• **What is required**: Copy each line, word for word, from the one with "Edirne'yi su sporlarının" through the final line of the listing, but skip the pictures.

• **Information provided**:
****************************************

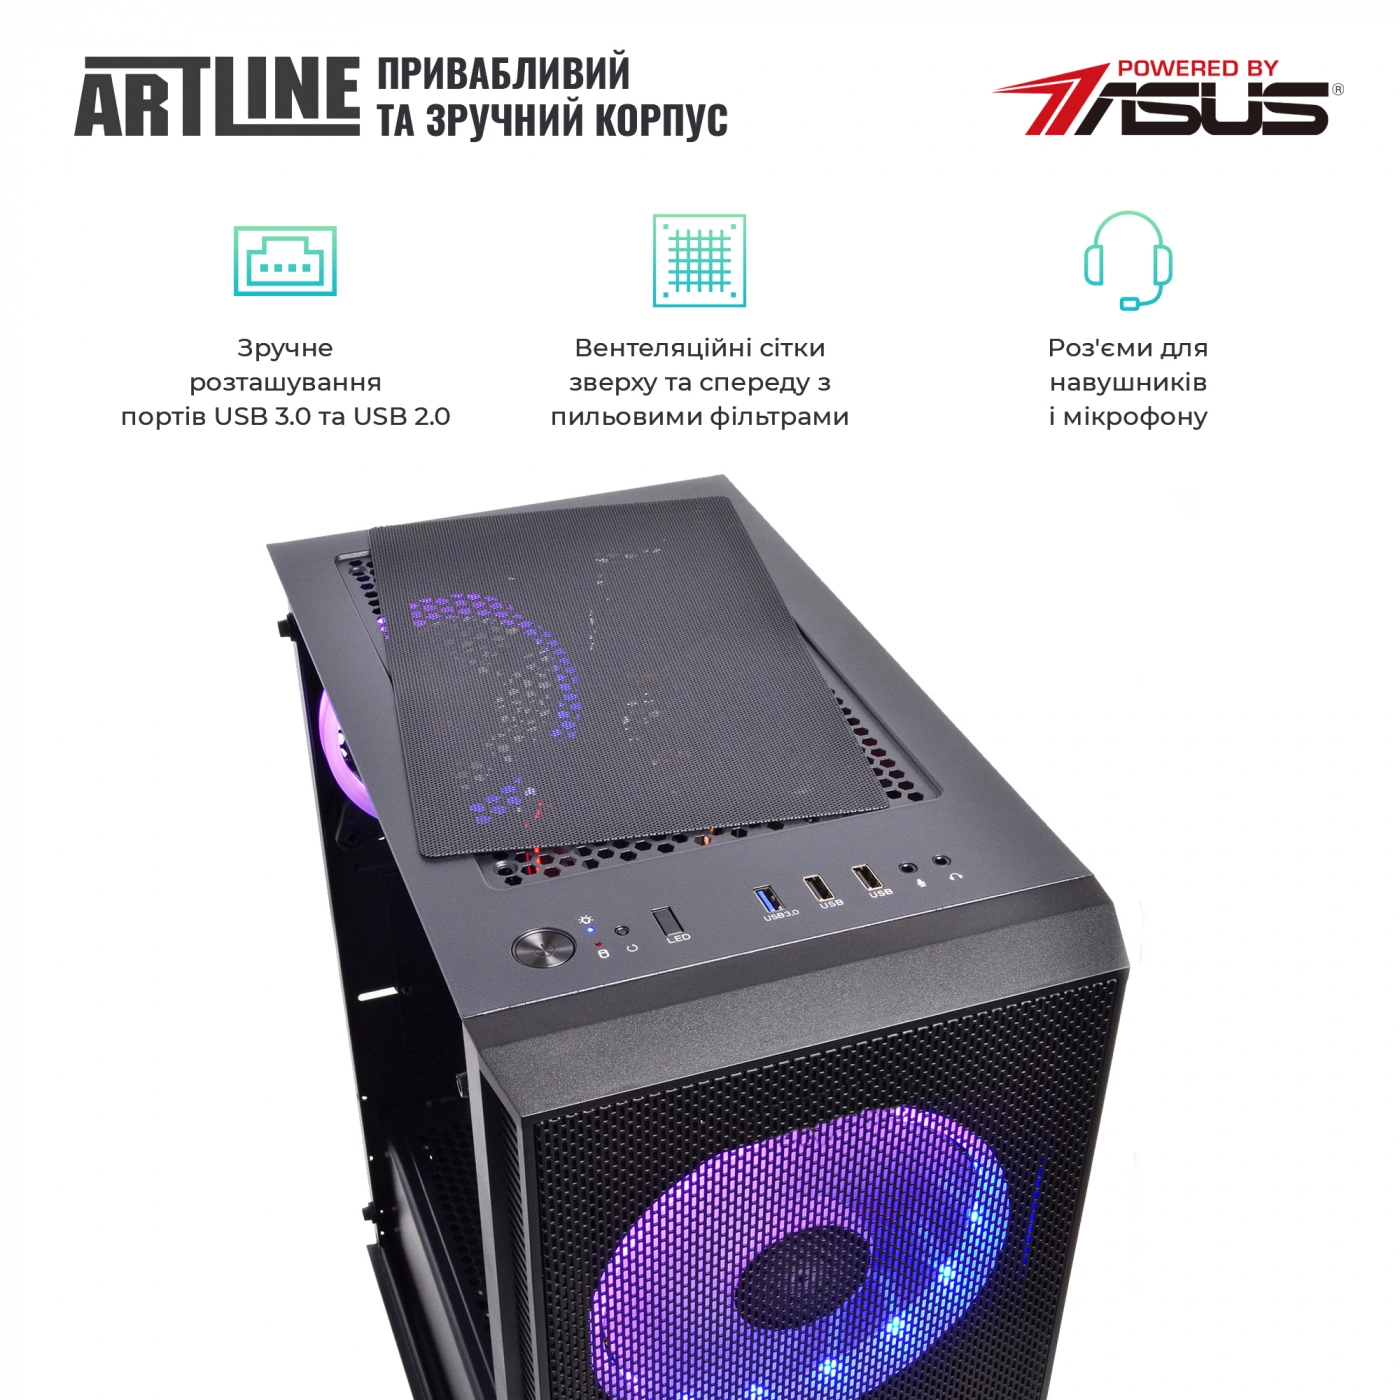 Купить Компьютер ARTLINE Gaming X53v23 - фото 4
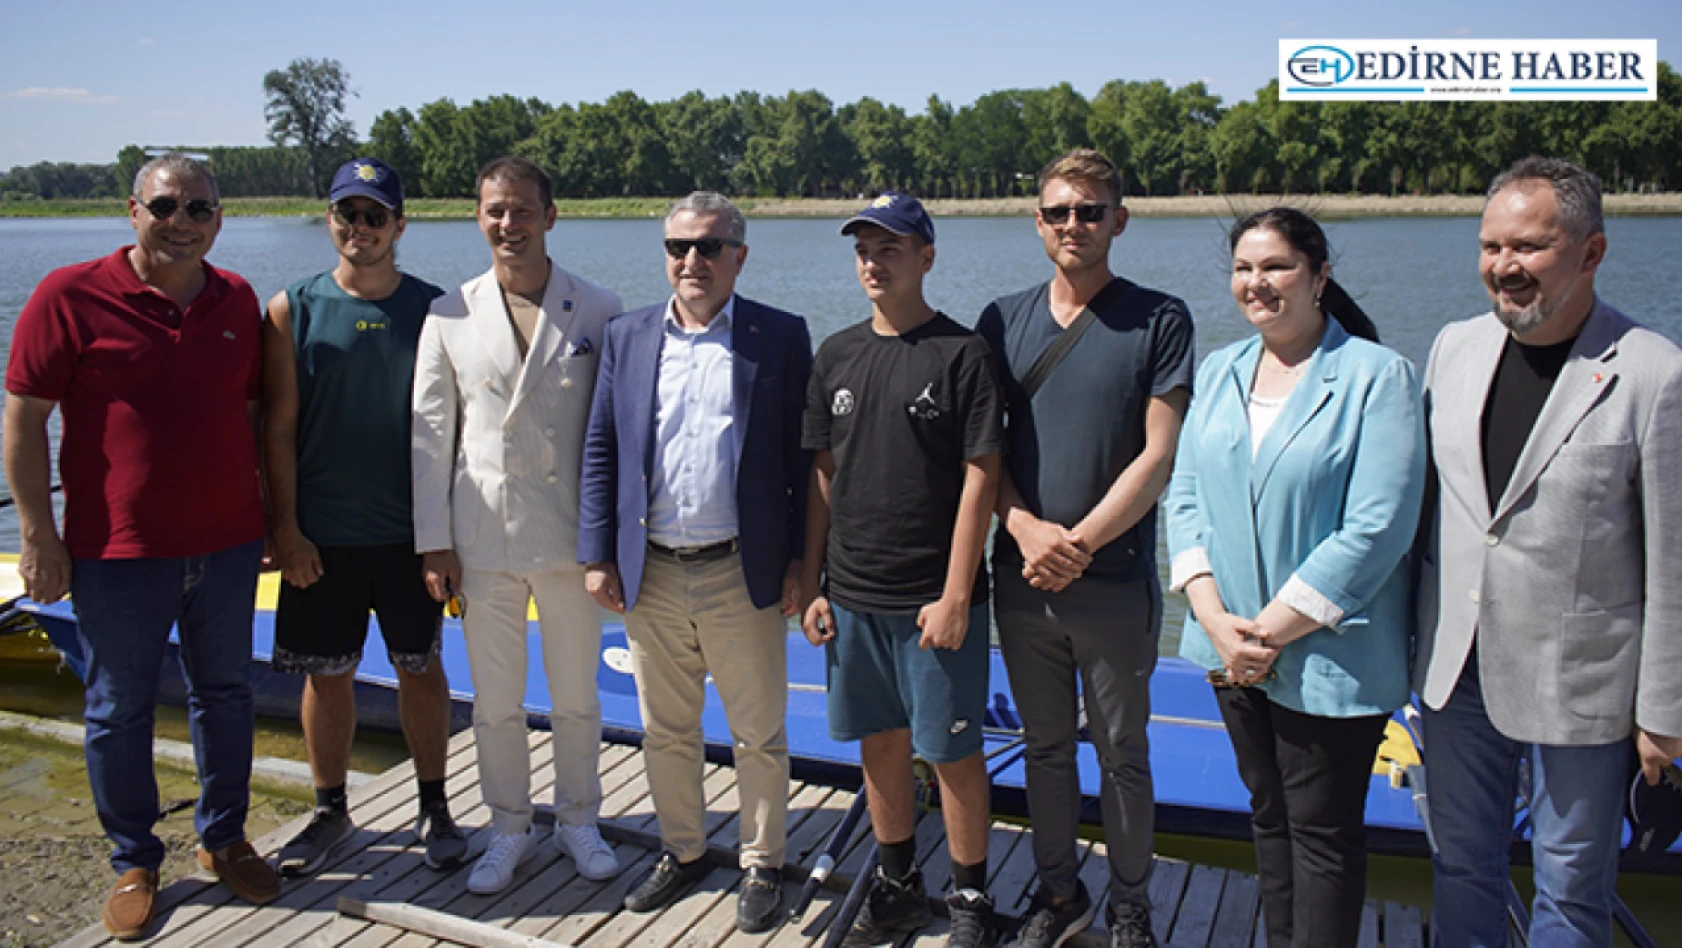 Edirne'yi su sporlarının merkezi haline getirecek projeye spor bakanından onay çıktı
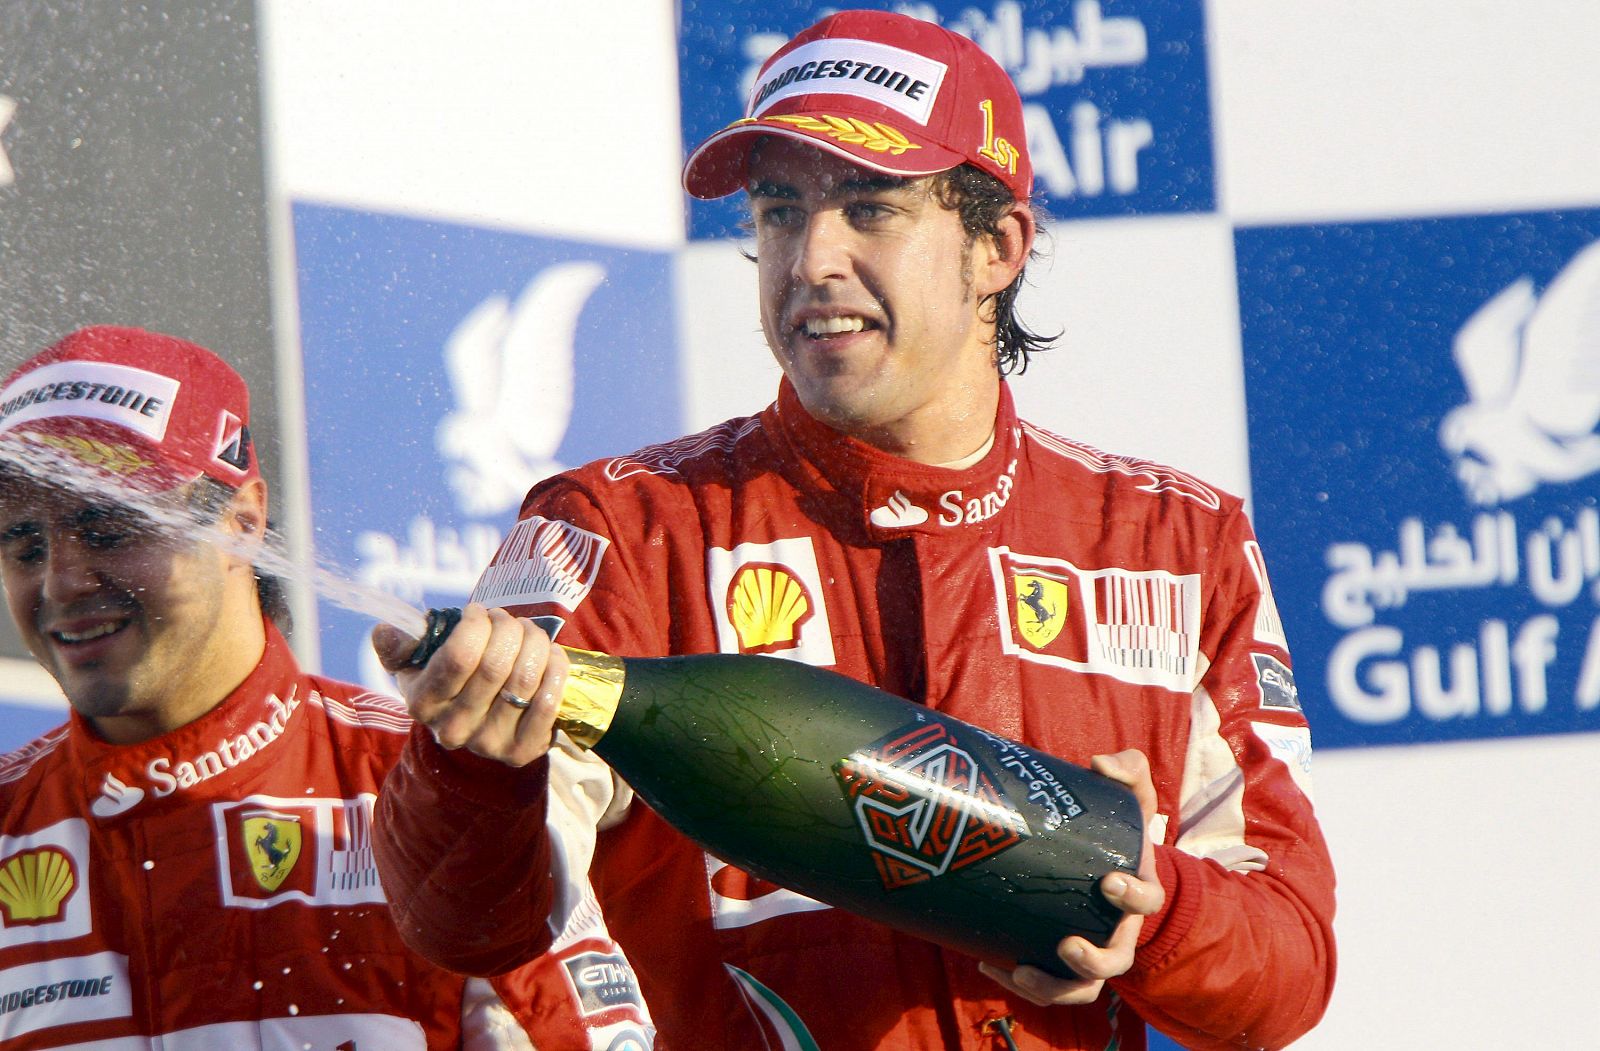 El piloto español de la escudería Ferrari, Fernando Alonso
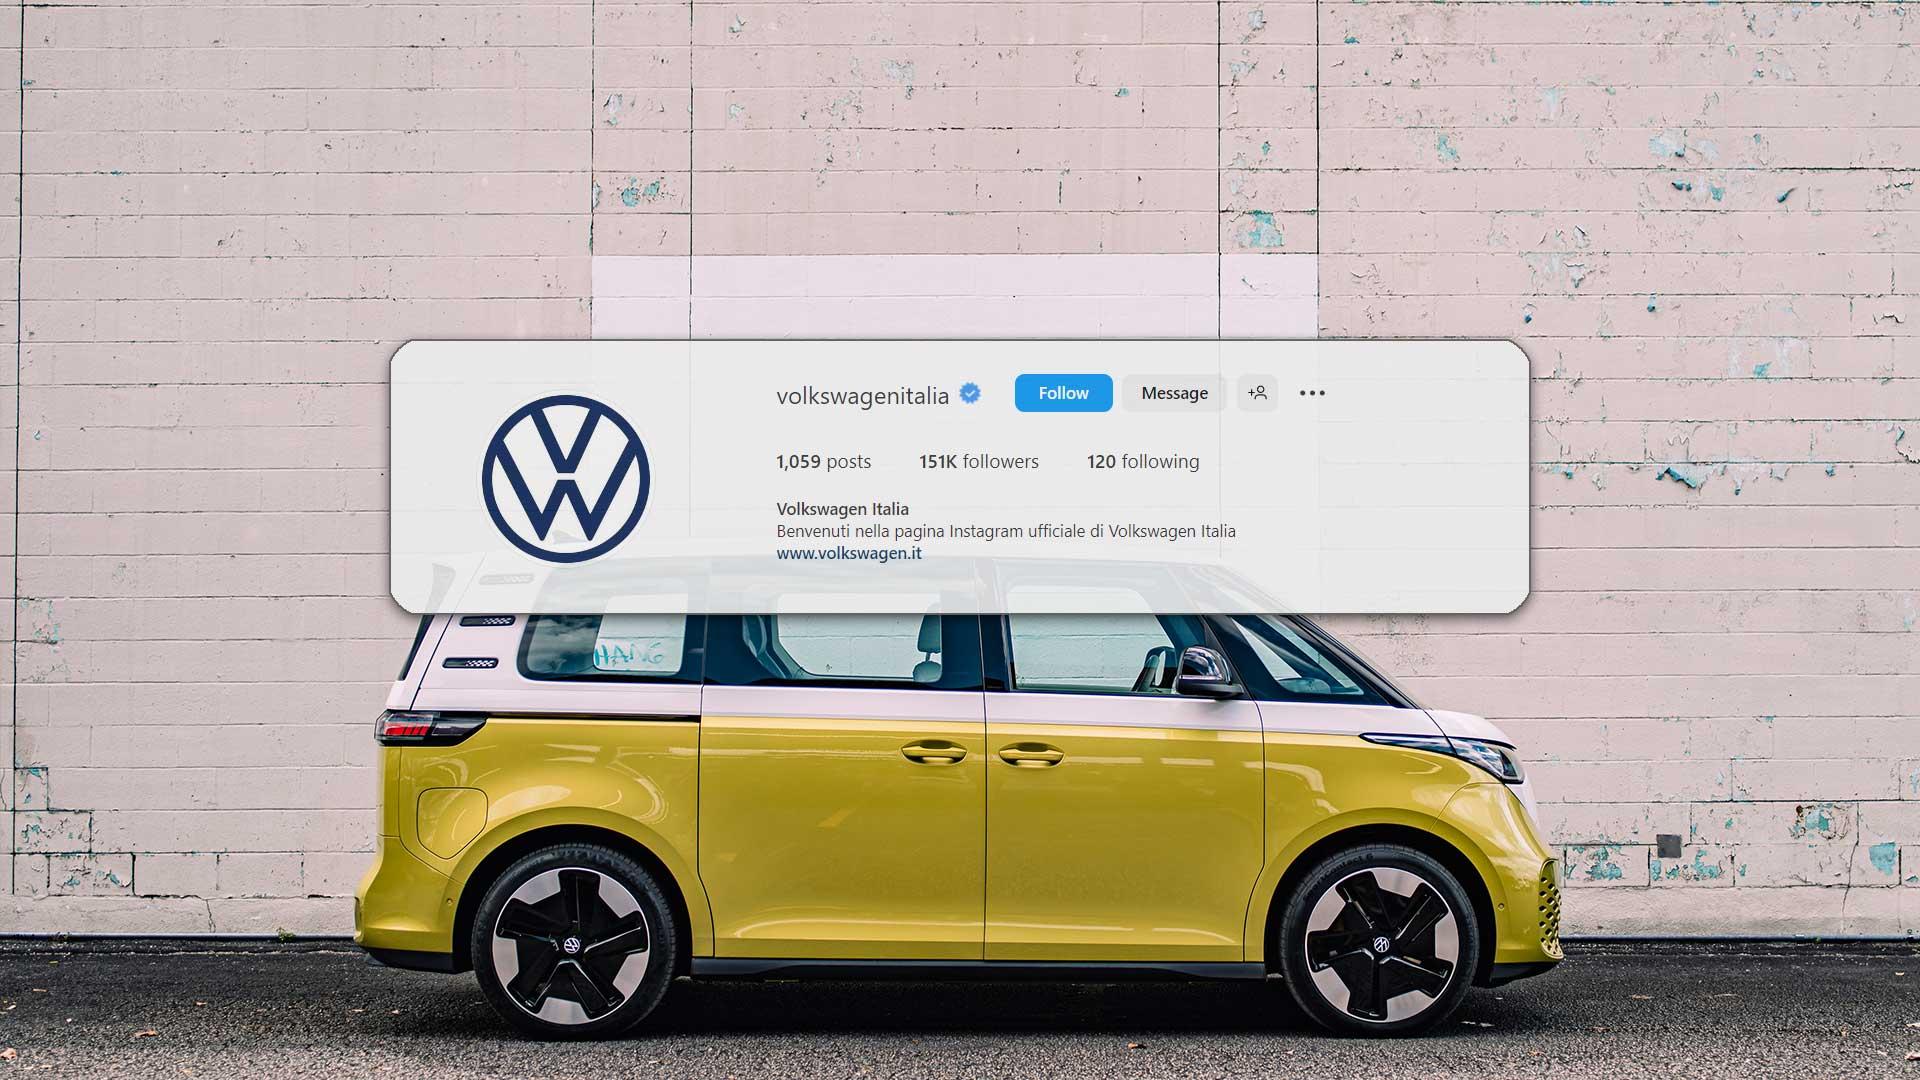 Volkswagen Italia ha un nome sfortunato su Instagram

****************************************

• **Exercise response**:
 Edirne'yi su sporlarının merkezi haline getirecek projeye spor bakanından onay çıktı
 El piloto español de la escudería Ferrari, Fernando Alonso
 Volkswagen Italia ha un nome sfortunato su Instagram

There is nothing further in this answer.